Глоссарий ИИ
Полный словарь искусственного интеллекта
Тепловая карта внимания (Attention Heatmap)
Графическая визуализация матрицы внимания с использованием цветового градиента для выделения наиболее сильных (обычно красным) и наиболее слабых (обычно синим) связей между токенами.
Оценка выравнивания
Сырое значение, до применения функции softmax, полученное в результате скалярного произведения между запросом (query) и ключом (key) токена, измеряющее их совместимость или взаимную релевантность.
Механизм внимания с пропуском соединения (Skip-Connection Attention)
Наблюдаемое явление, когда голова внимания учится фокусироваться в основном на текущем токене, действуя как пропуск соединения и способствуя стабильности обучения.

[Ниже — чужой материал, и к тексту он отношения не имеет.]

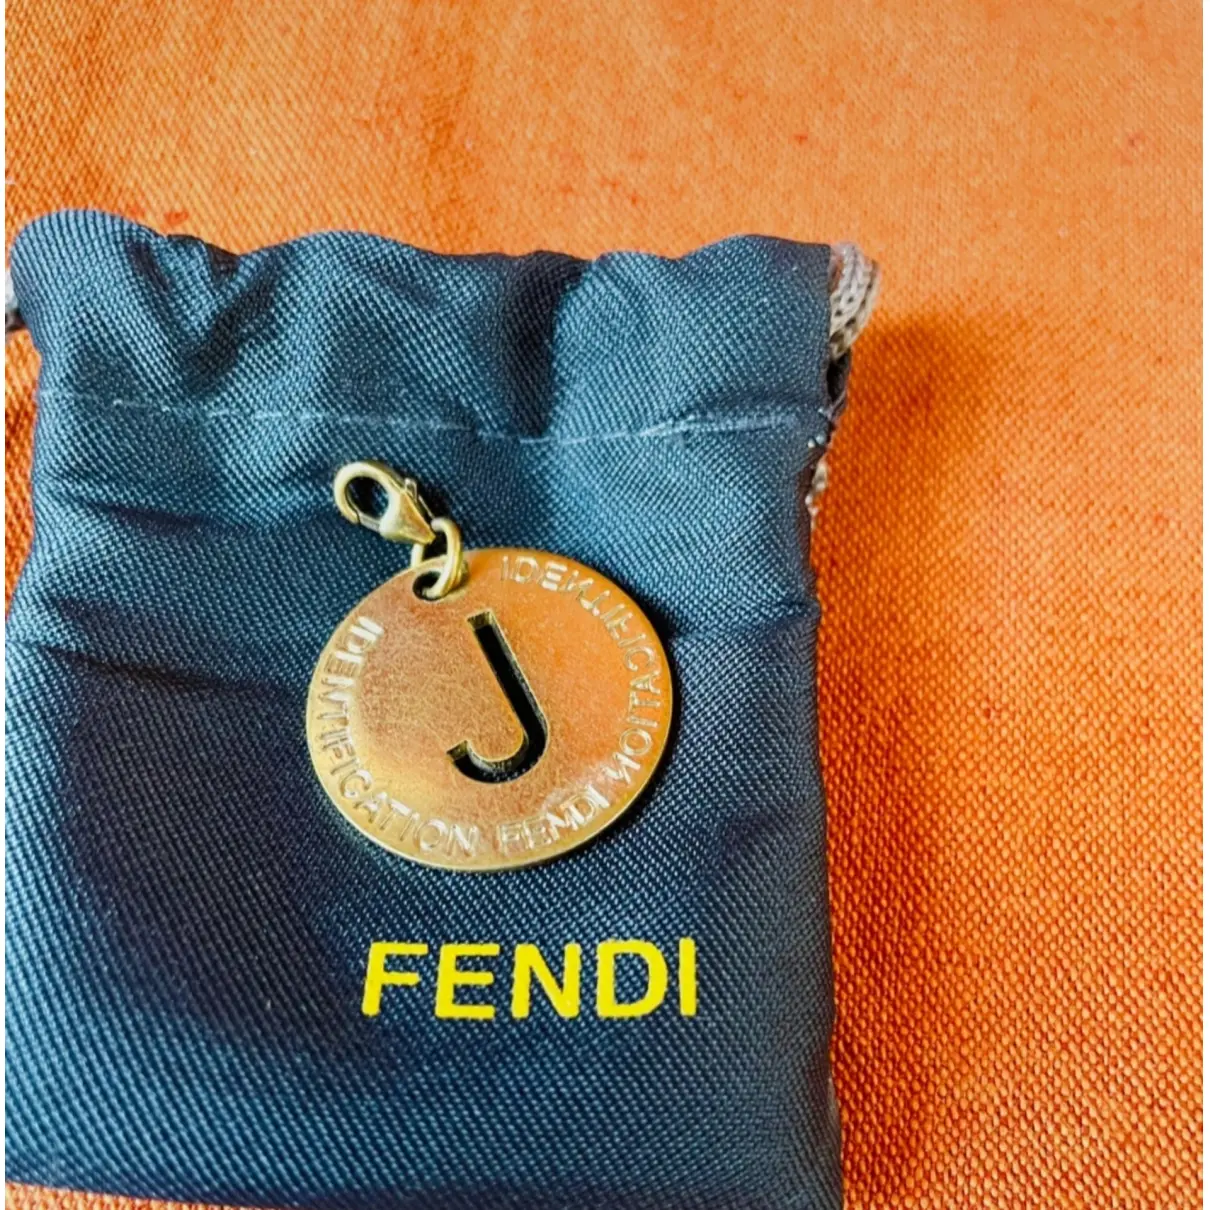 Buy Fendi The Fendista pendant online

Анализ ролей голов (Head Role Analysis)
Систематическое исследование, направленное на характеристику специфической функции каждой головы внимания, такой как захват синтаксических отношений, длинных дистанционных зависимостей или позиционных паттернов.
Позиционное внимание
Компонент внимания, который без явного позиционного кодирования изучается моделью для фокусировки на относительных позициях в последовательности, раскрывая её понимание порядка слов.
Визуализация внимания по слоям (Layer-wise Attention Visualization)
Техника интерпретируемости, заключающаяся в исследовании карт внимания на каждом последующем слое Transformer для понимания того, как представления и отношения эволюционируют в глубине.
Веса перекрёстного внимания (Cross-Attention Weights)
В моделях кодировщик-декодировщик, веса внимания, которые измеряют выравнивание между токенами выходной последовательности (декодировщик) и входной последовательности (кодировщик).
Регуляризация внимания (Attention Regularization)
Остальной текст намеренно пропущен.